ASSIGNMENT — The lines to return are those from the line holding "Jim Beam Sun" through the last line of the entries below, both included, written exactly and without pictures.

##### SUPPLIED DATA

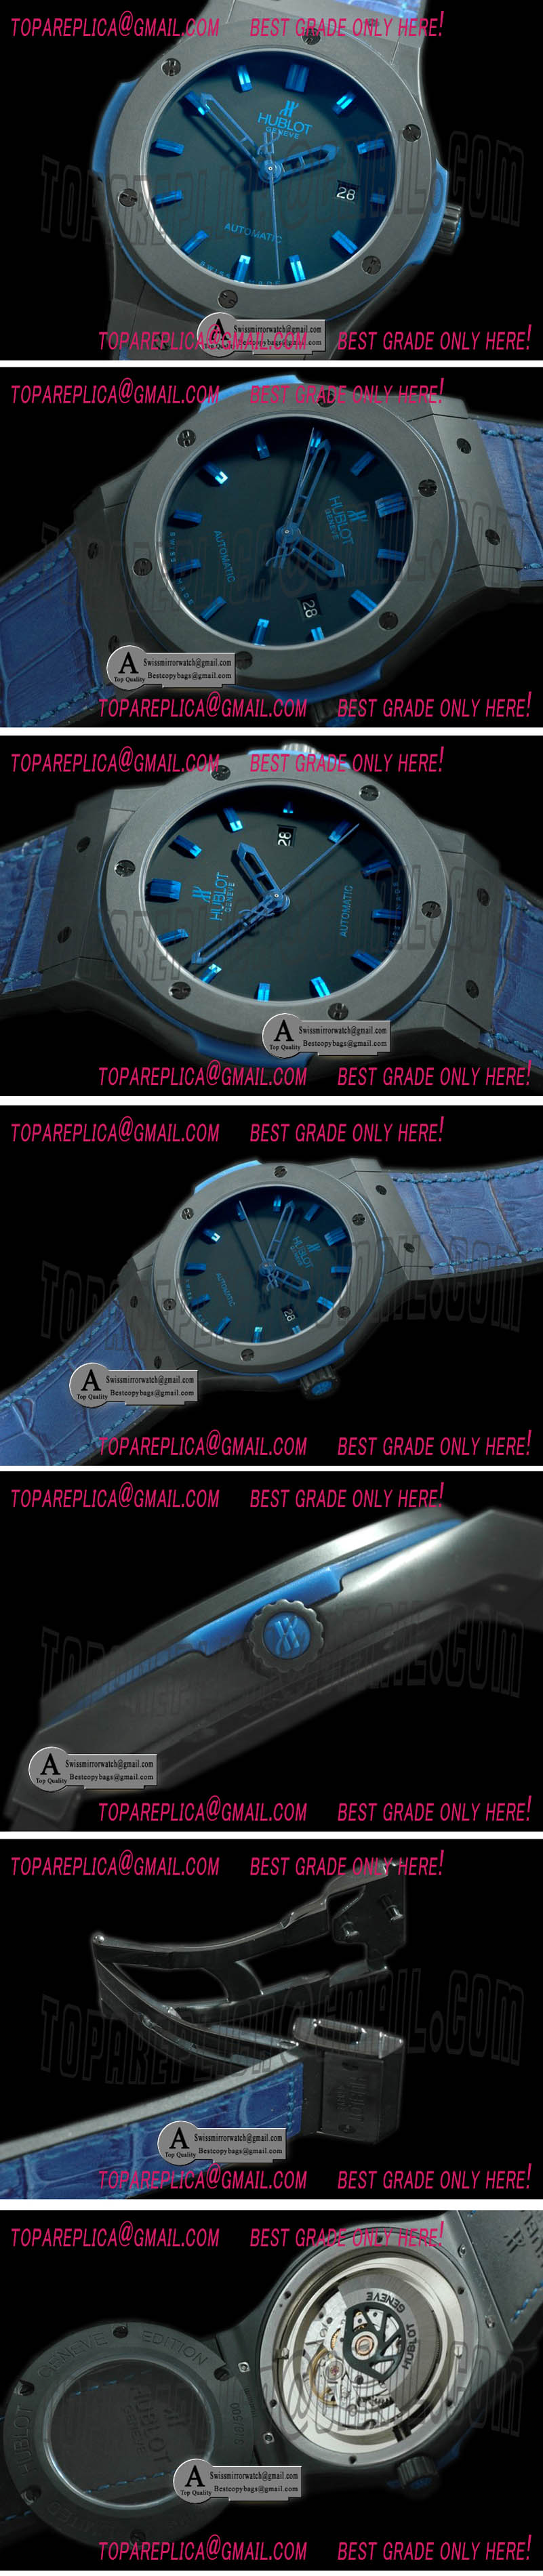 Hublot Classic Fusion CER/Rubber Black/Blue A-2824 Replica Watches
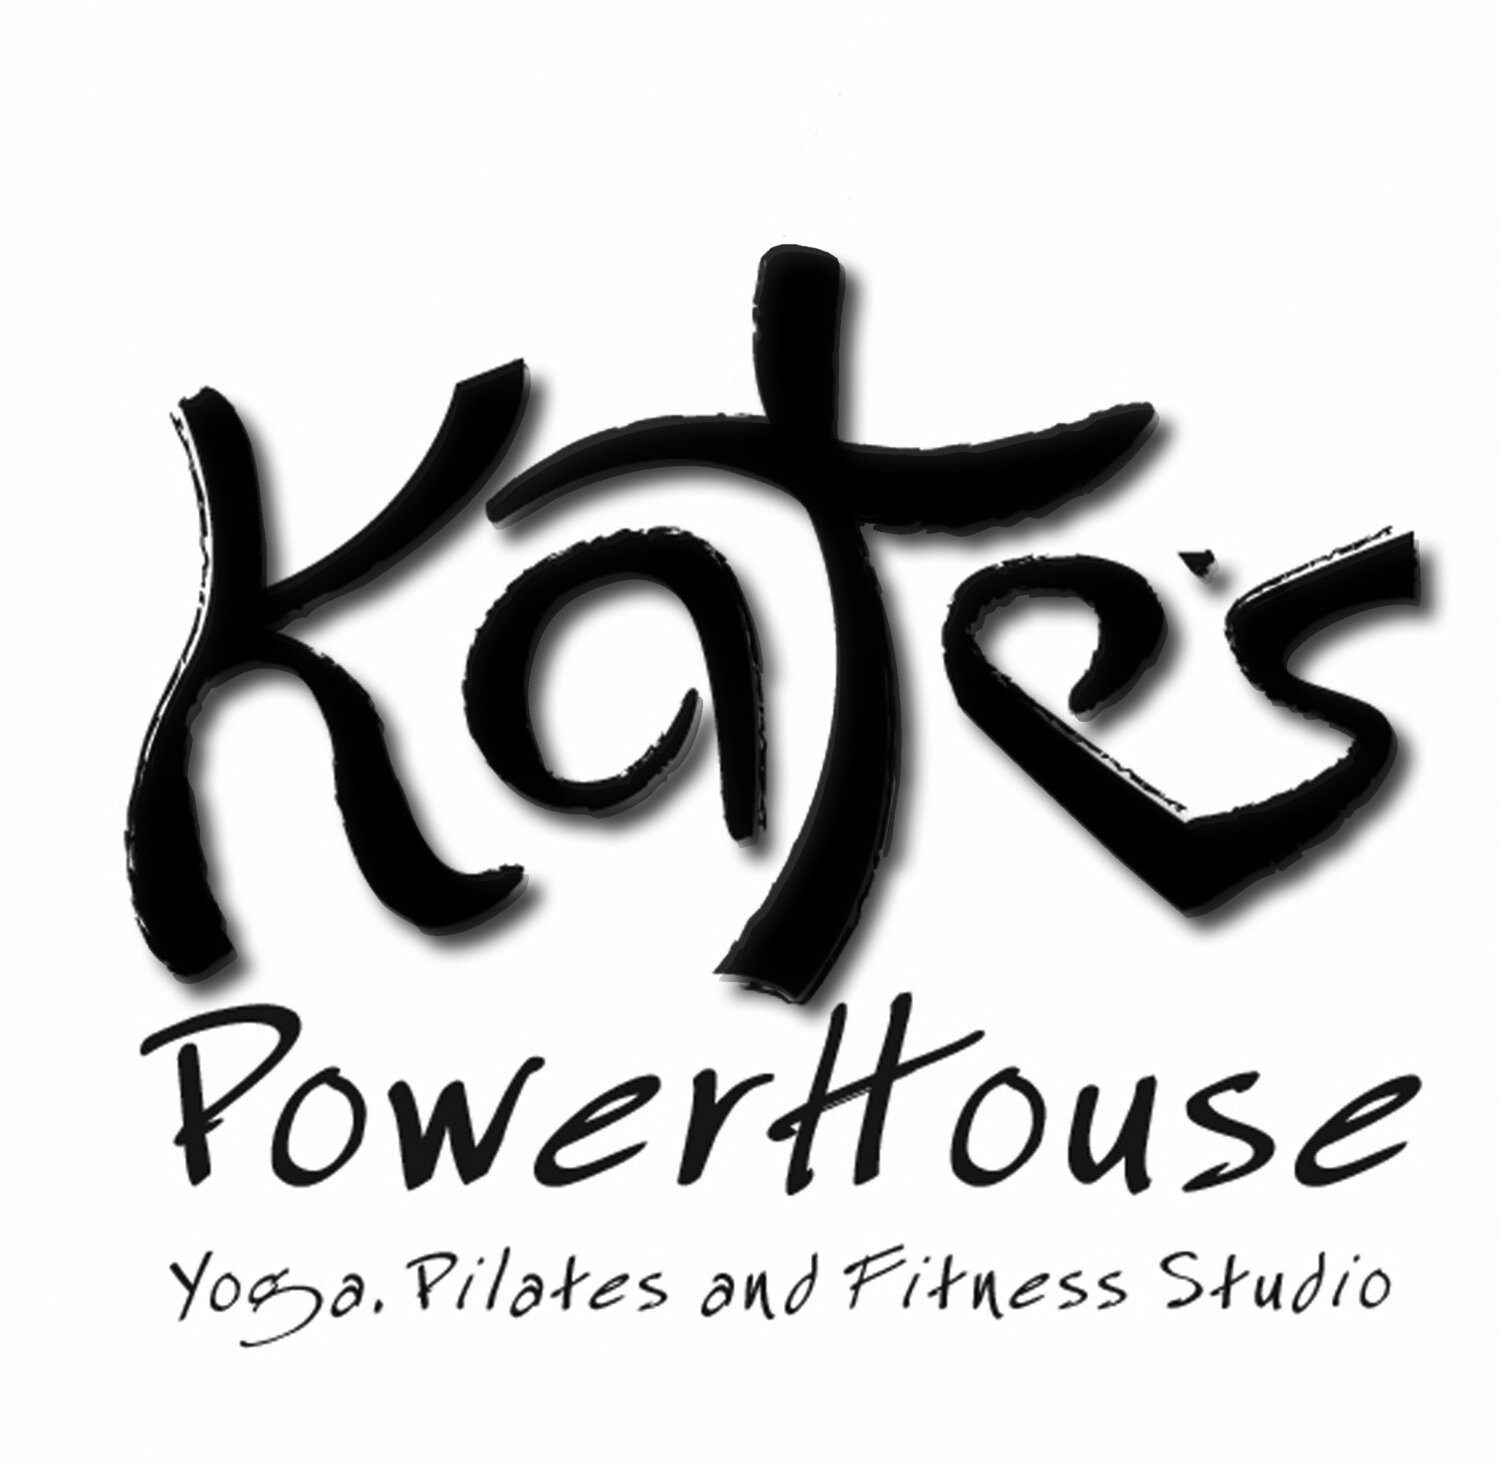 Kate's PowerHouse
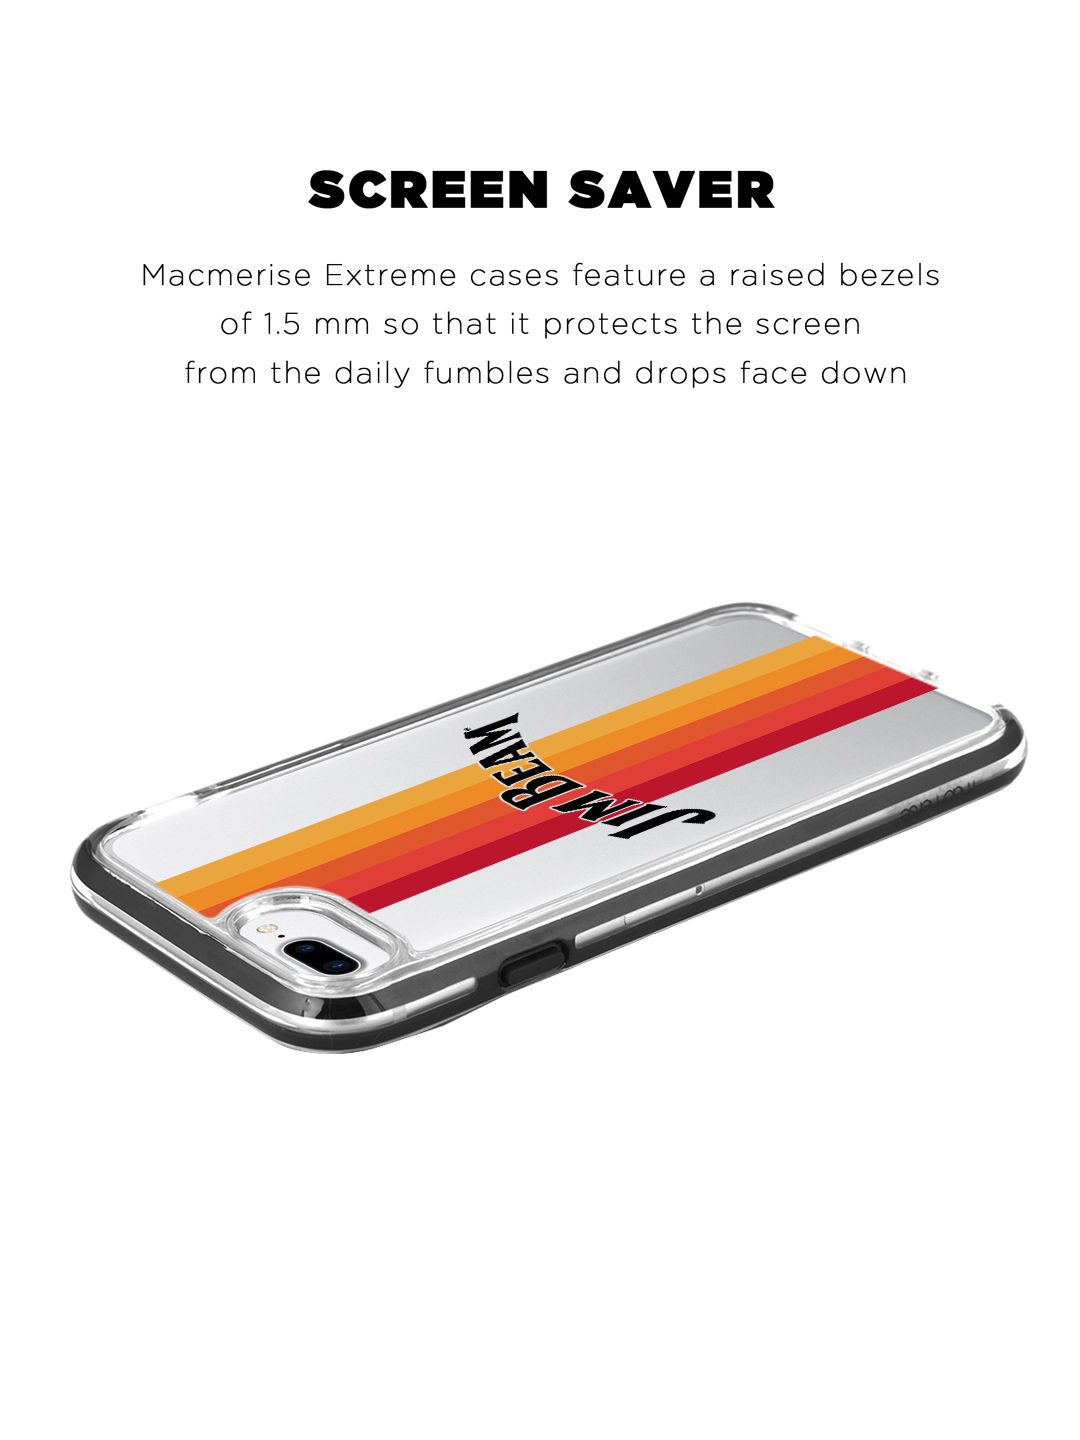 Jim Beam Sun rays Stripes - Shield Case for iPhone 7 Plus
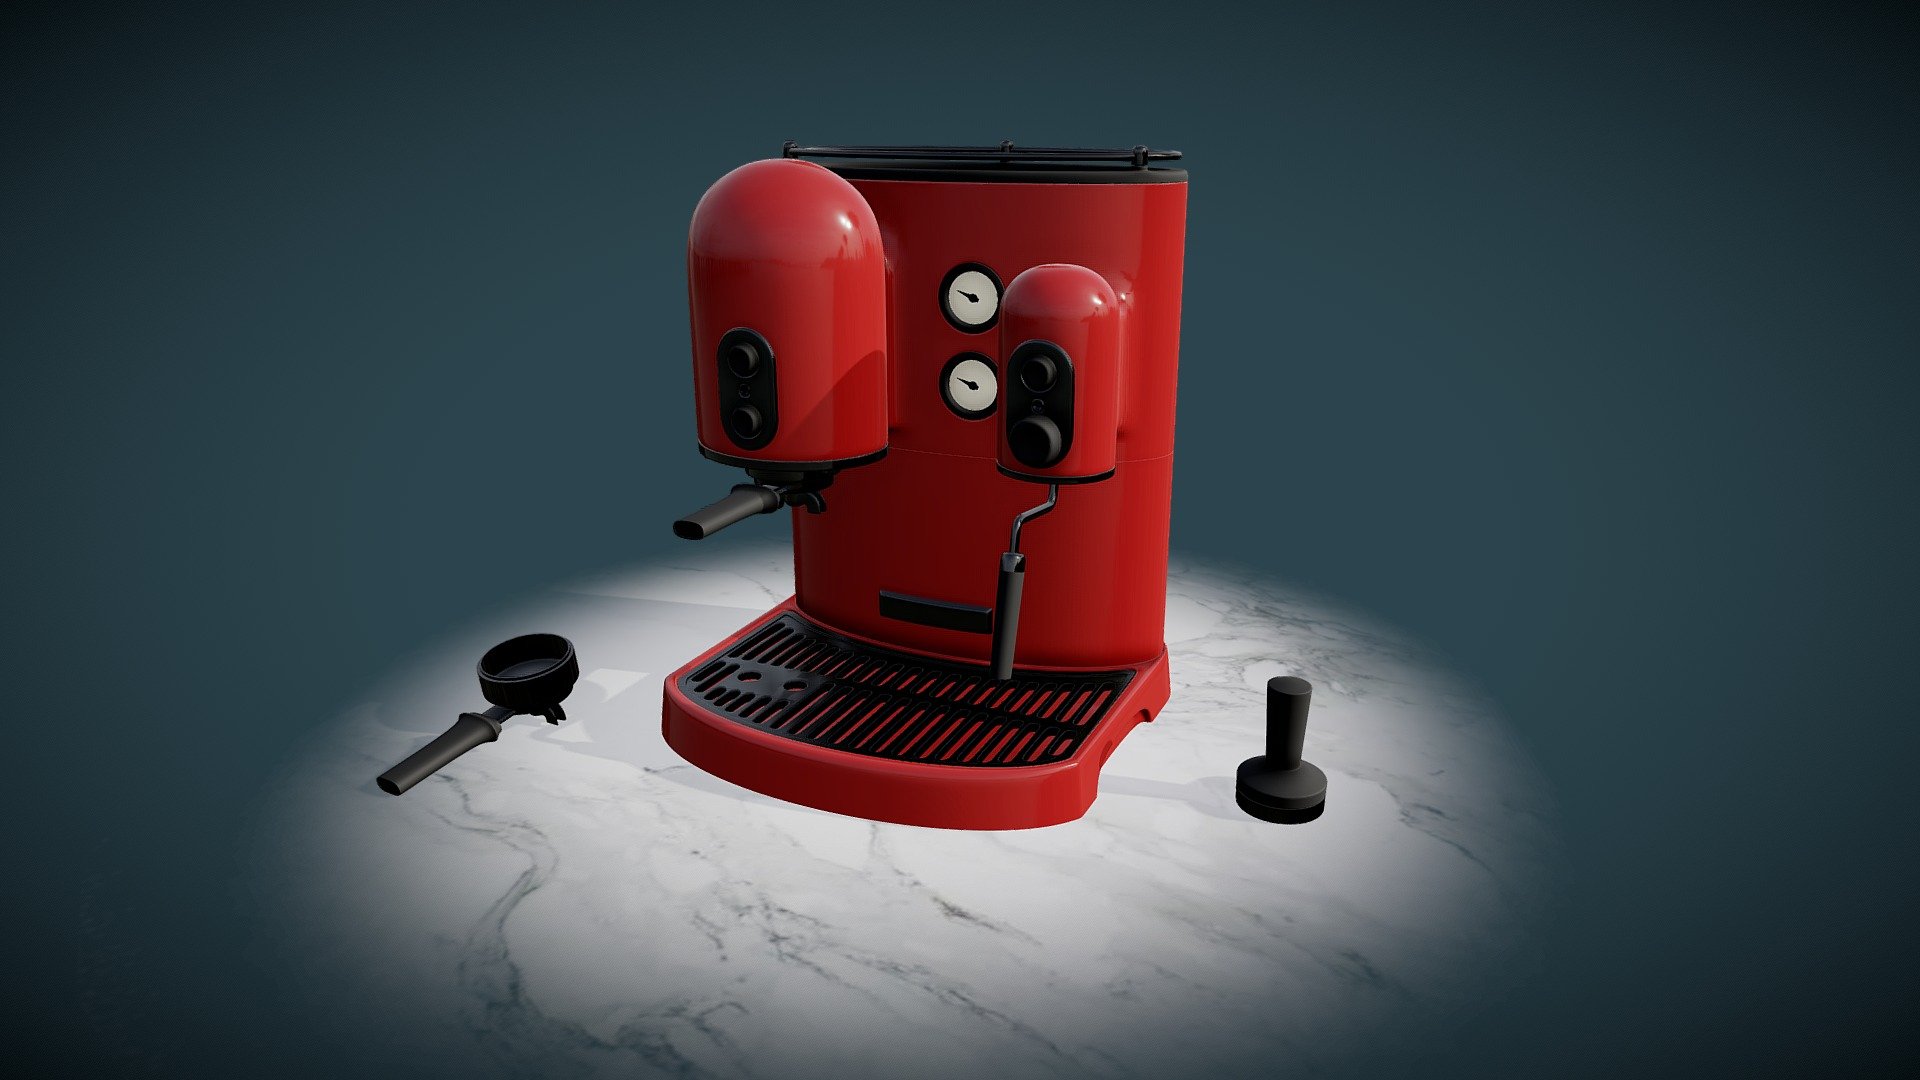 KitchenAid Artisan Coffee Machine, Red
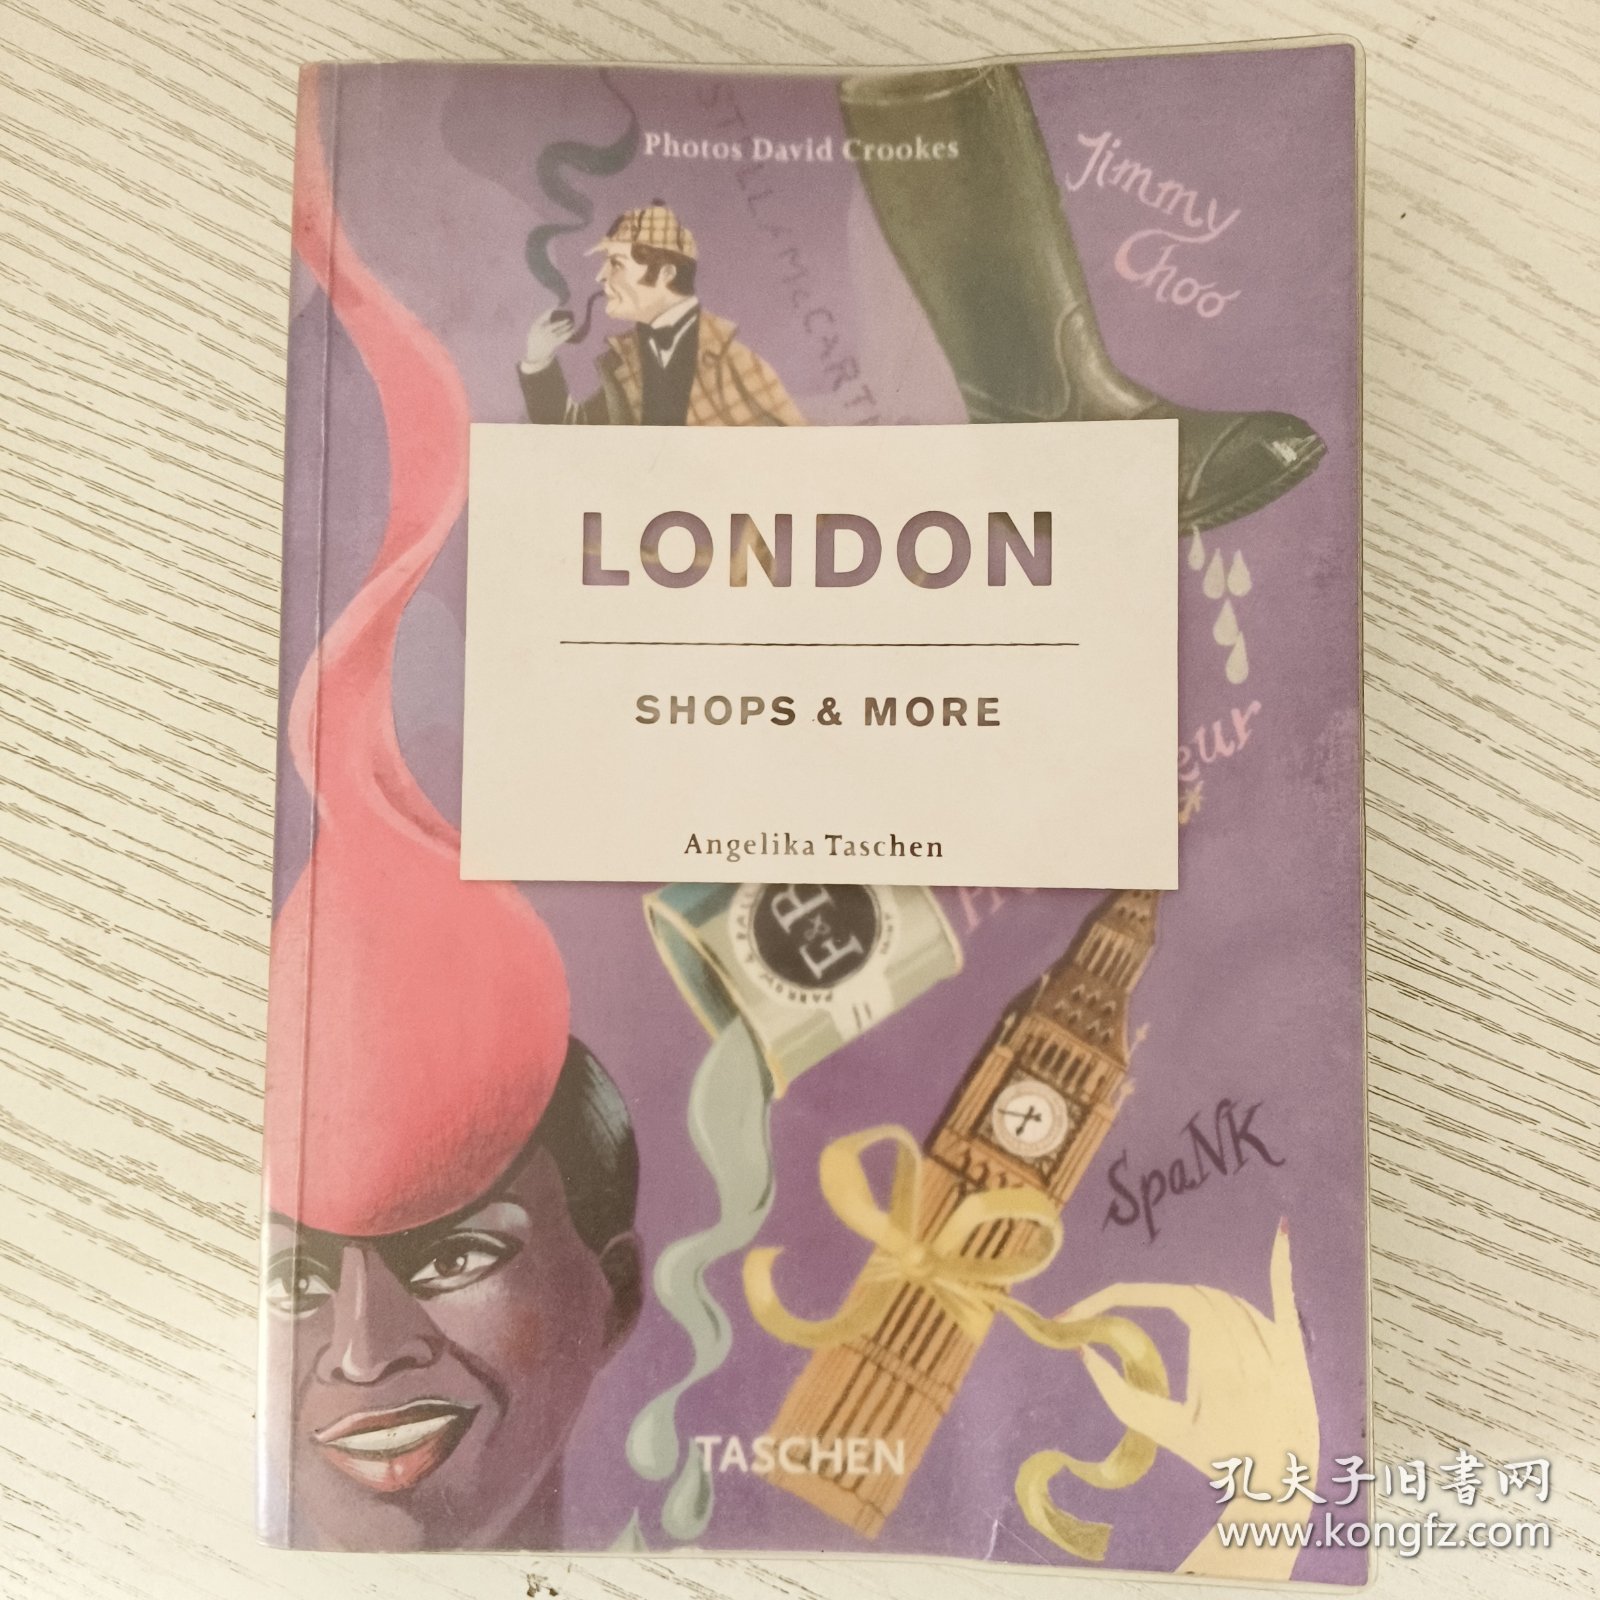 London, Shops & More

##########

RESPONSE AREA —
 Jim Beam Sun rays Stripes - Shield Case for iPhone 7 Plus
 KitchenAid Artisan Coffee Machine, Red
 London, Shops & More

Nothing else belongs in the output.